I WANT MY MUM

Sandra Gregory, 30, was led weeping from a court in Bangkok last week about to start a 25-year sentence for heroin trafficking. 'Please tell my Mum I'm sorry. I want my Mum,' she cried on her way to Lard Yao women's prison, known as the Bangkok Hilton.

Her friend, Robert Lock, also 30, found not guilty by the same court said,'I want to thank my Mum'.

That's it in a nutshell. When the chips are down and the axe hovers over one's head all thoughts turn to Mum. One might think that being 30 years old means adulthood and even the beginning of the move into the role of caring for mother. But the unbilical cord is impossible to sever in spirit form and Mum remains the focal point of refuge from the horrors of the world during childhood and well beyond.

Single Mums take the media flack these days, especially those who seem to become pregnant to rise to the top of the housing list queue. In effect all Mums are single as very few men take part in the raising of their offspring. Some men are AWOL, some divorced, some dead, some unknown and even those on site are too busy working, not working, playing games, in the pub, fishing etc to make more than a token gesture.

The anglo-saxons favour the standard, Dad, Mum, 2.4 kids, nuclear family unit. Mediterranians prefer the extended, everybody who's above ground, unit. These extended families work well unless the head honcho is called Sadam Hussein from whom family members may get holes where holes shouldn't be.

In both these grouping methods Mum's in charge in the home. And so she should be. No one else has the hormonal drive and the deep well of love and affection to cover the 24 hour working day and take all the aggro from the various family members. Mum has the Dean Richards role. Like the great number eight she is the focal point of ruck and maul, cleaning up, crushing opposition, springboarding attacks and always being on the ball.
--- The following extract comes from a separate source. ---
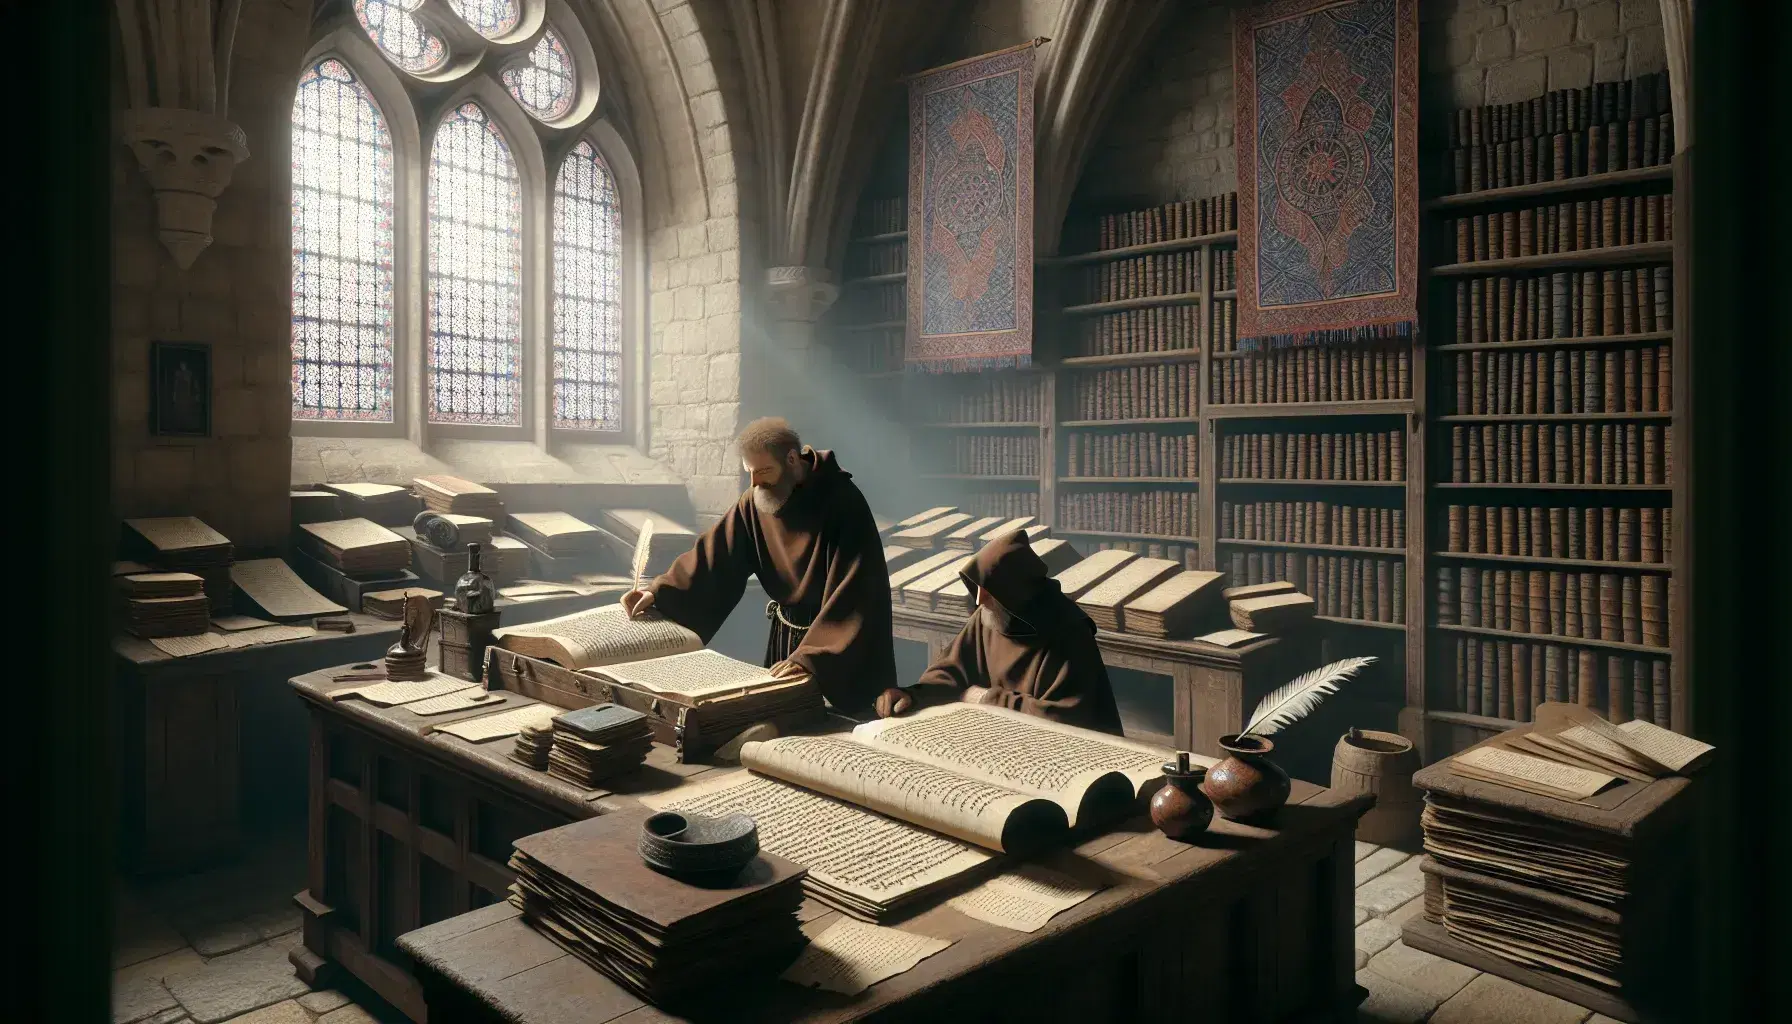 Monjes copistas trabajando en un scriptorium medieval con pergaminos, pluma de ave y tintero sobre un escritorio de madera, junto a estantes llenos de libros y un tapiz colgante.

Smart women allow their men to peacock in public knowing full well that they have the upper hand in the home, and any way who wants to display in public the peckerlessness of one's partner. This works well as the male, all so easily flattered, walks tall in the gaze of at least one fan. Any bickering or subliminal gouging lowers observers estimation of both parties, not just the one in the wrong. But interesting games can be played by Mum having a conversation with a third party at the perimeter of hearing of her partner. Words will drift in and out of his hearing and he will be forced to behave, as he will not know exactly which part of his murky past is being revealed. This may lead to aggro back home but it certainly puts spice back in the relationship and keeps both parties on their toes.

This brings into focus the perennial battle between the mother of the man and the woman in his life. These vary from a smouldering creeping underground fire that may blaze into life at unexpected times to an all out nuclear war with chemical warfare thrown in for good measure. A total standoff may ensue leaving the feeble male to pick his way through the minefield of raw emotion. As a complete contrast it nearly always follows that the reverse is true and the father of the man will like and fancy the woman, maybe out of rivalry with his son, maybe because he's a loving man.

Apart from those unfortunate females who have a child by mistake or because they wanted to keep up with all their pals, the enduring benefits of the mother child relationship are plain to see in everyday life. Cameos of care are in view on buses, trains and subways. Outside shops, inside hospitals, outside schools, inside churches, the sweet flow of motherly love is all around.

There is no doubt that 'I want my Mum.' is the most heard phrase in the world. If you don't believe me, just watch a field of new born lambs for a while.